▸ **Problem to work on**
Below are some records. Print exactly the lines between the one holding "Herren Oldtimer Wwf" and the one holding "Kölsch 9er Bier", inclusive, and nothing else.

▸ **Provided data**

>>

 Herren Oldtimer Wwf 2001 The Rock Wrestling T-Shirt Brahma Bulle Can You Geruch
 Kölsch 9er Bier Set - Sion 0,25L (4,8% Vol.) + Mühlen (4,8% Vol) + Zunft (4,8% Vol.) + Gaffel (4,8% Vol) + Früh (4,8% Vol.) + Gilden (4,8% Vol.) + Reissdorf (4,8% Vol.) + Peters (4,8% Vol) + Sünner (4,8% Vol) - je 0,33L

<<
>>

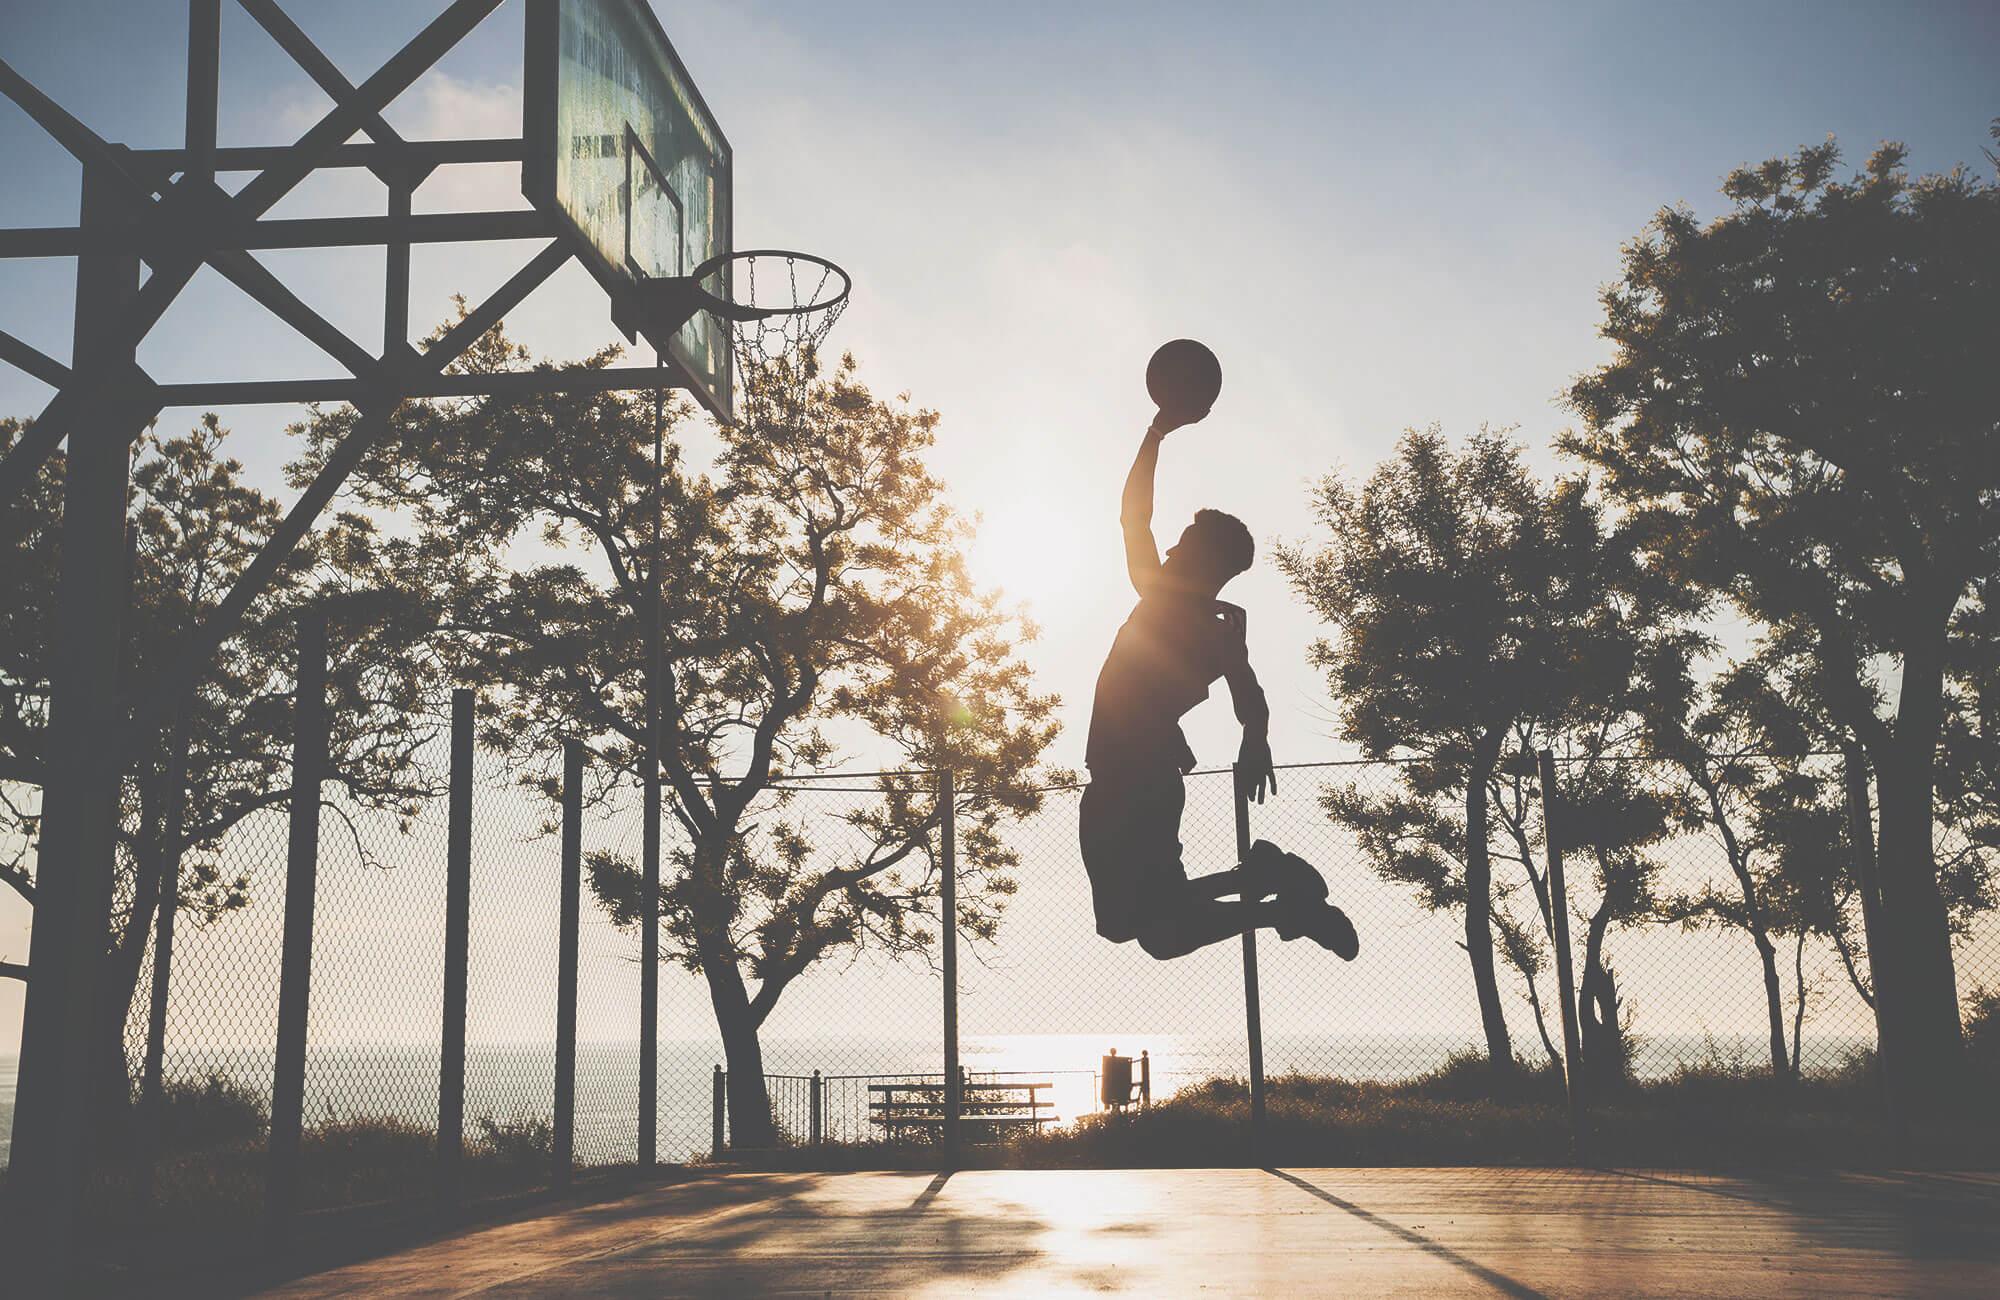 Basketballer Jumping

<<
>>

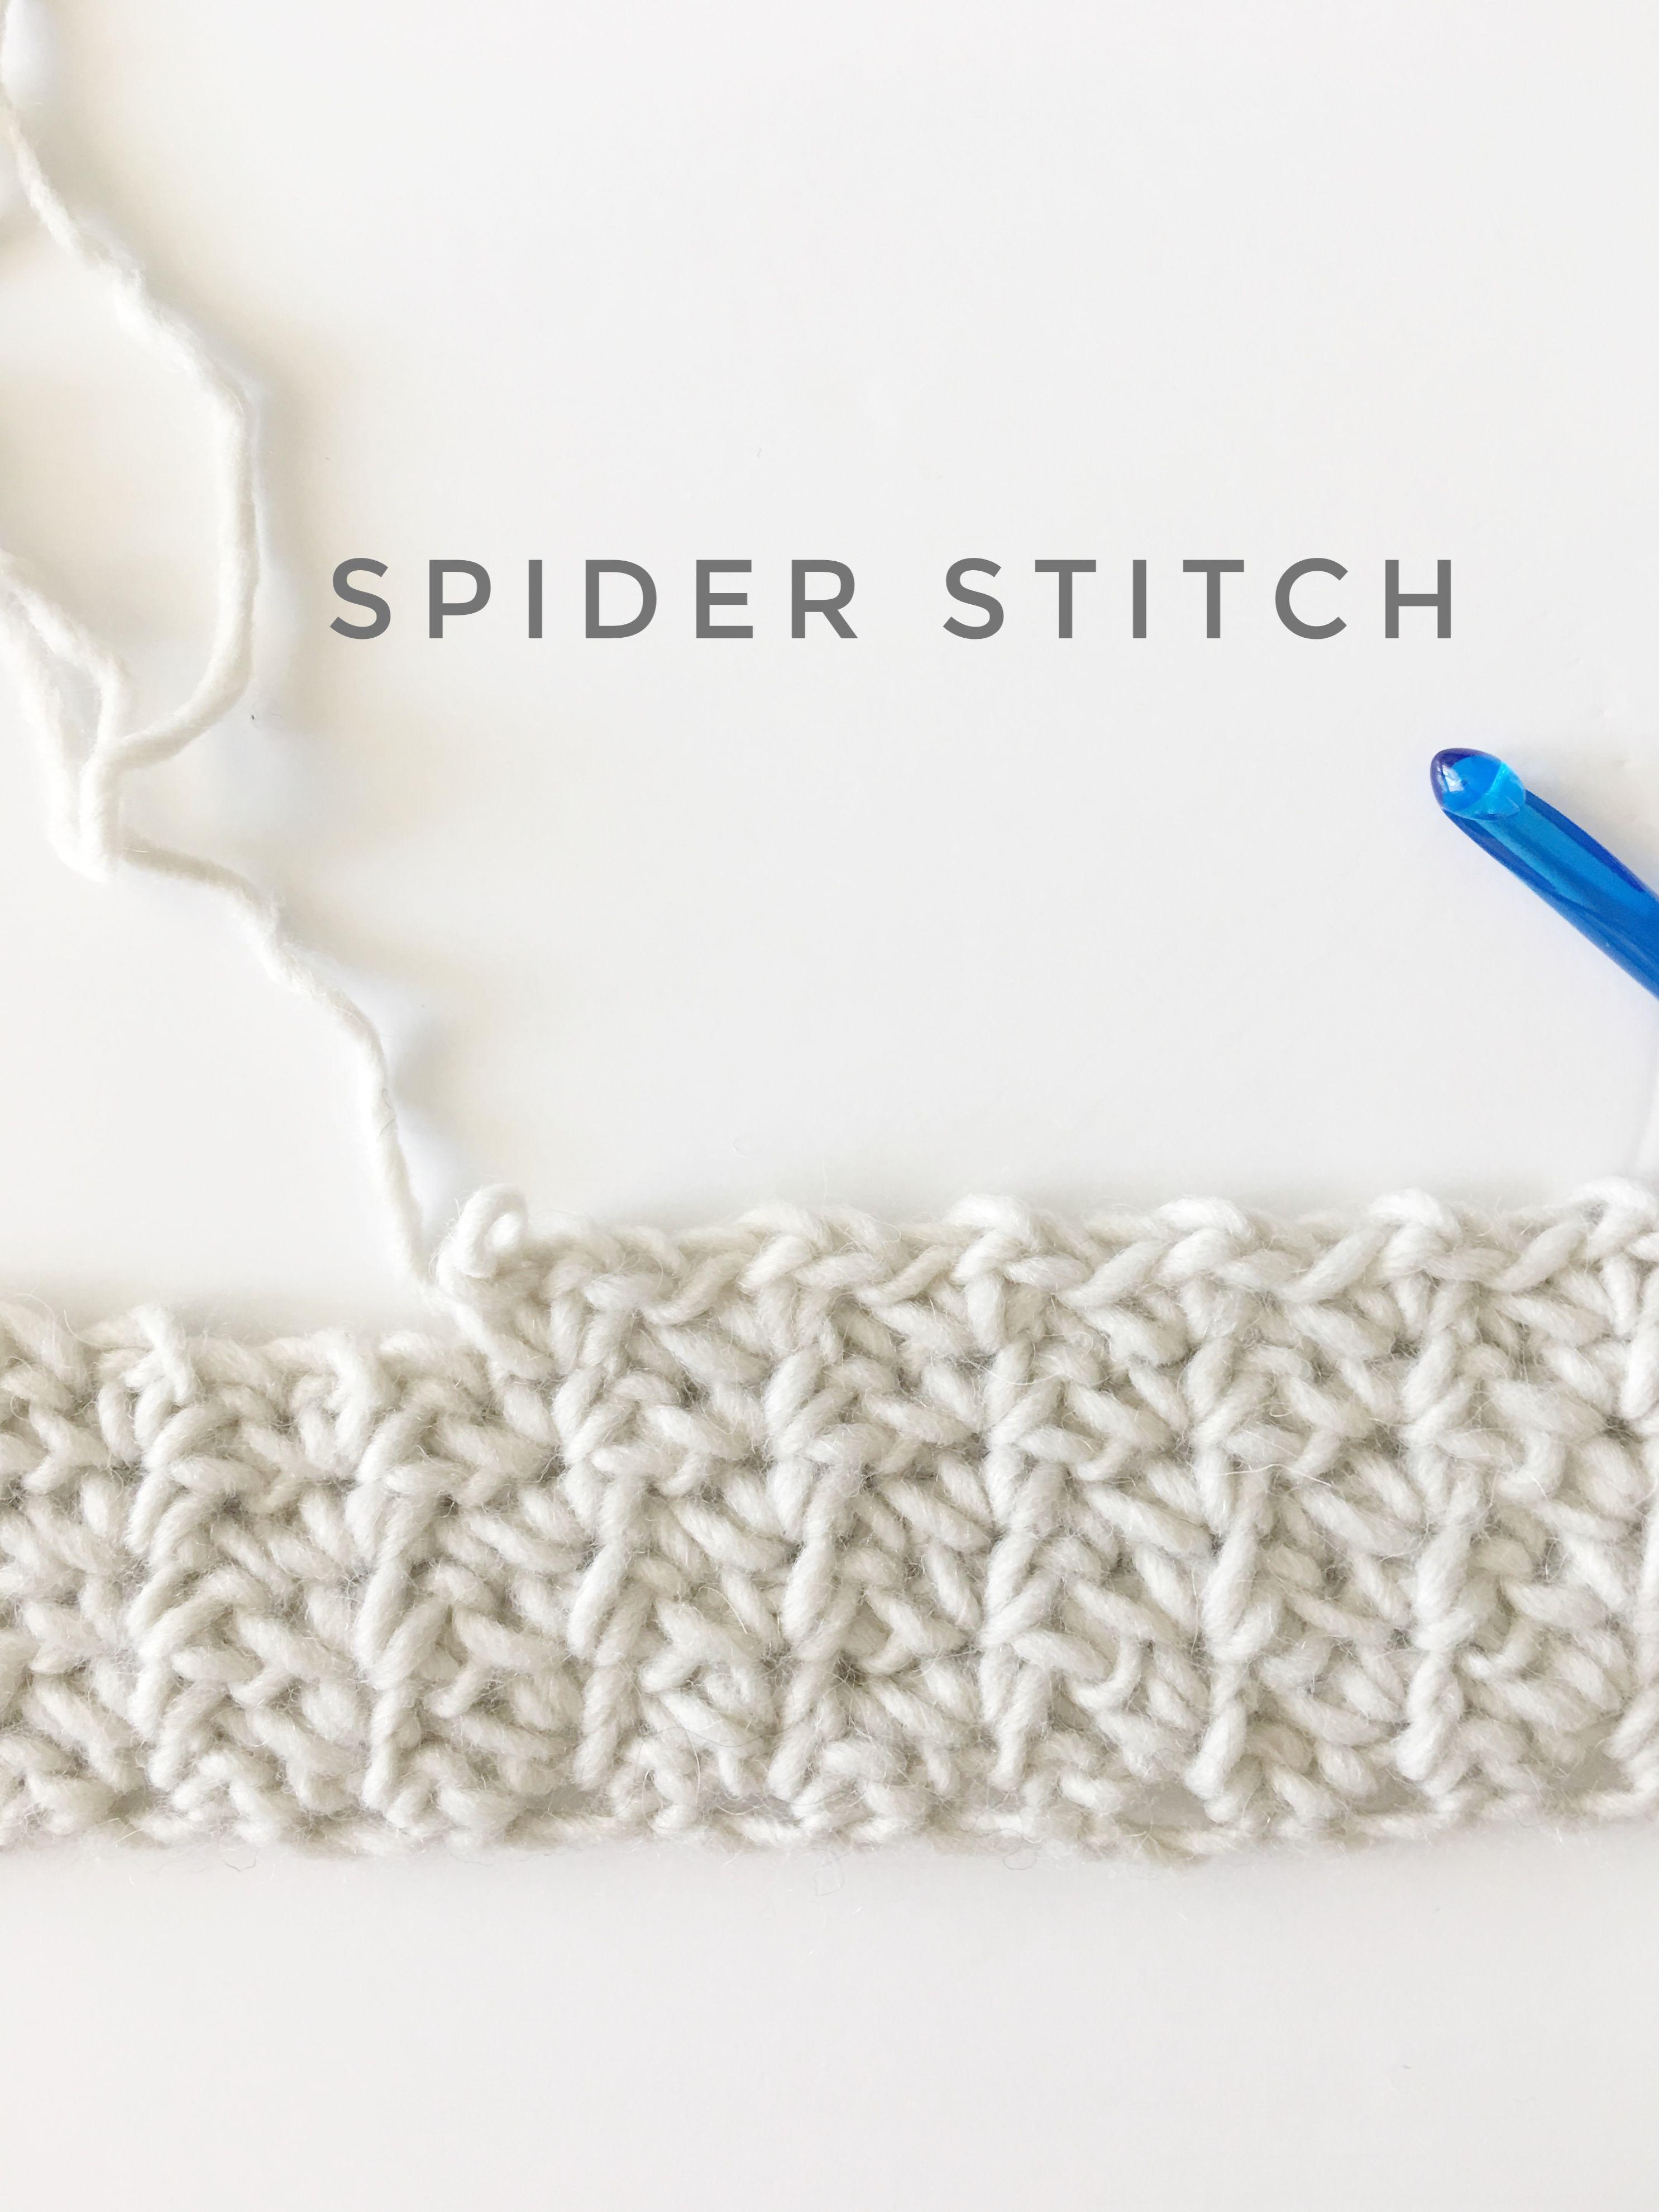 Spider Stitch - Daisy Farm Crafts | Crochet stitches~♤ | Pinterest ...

<<

▸ **Final answer**
 Herren Oldtimer Wwf 2001 The Rock Wrestling T-Shirt Brahma Bulle Can You Geruch
 Kölsch 9er Bier Set - Sion 0,25L (4,8% Vol.) + Mühlen (4,8% Vol) + Zunft (4,8% Vol.) + Gaffel (4,8% Vol) + Früh (4,8% Vol.) + Gilden (4,8% Vol.) + Reissdorf (4,8% Vol.) + Peters (4,8% Vol) + Sünner (4,8% Vol) - je 0,33L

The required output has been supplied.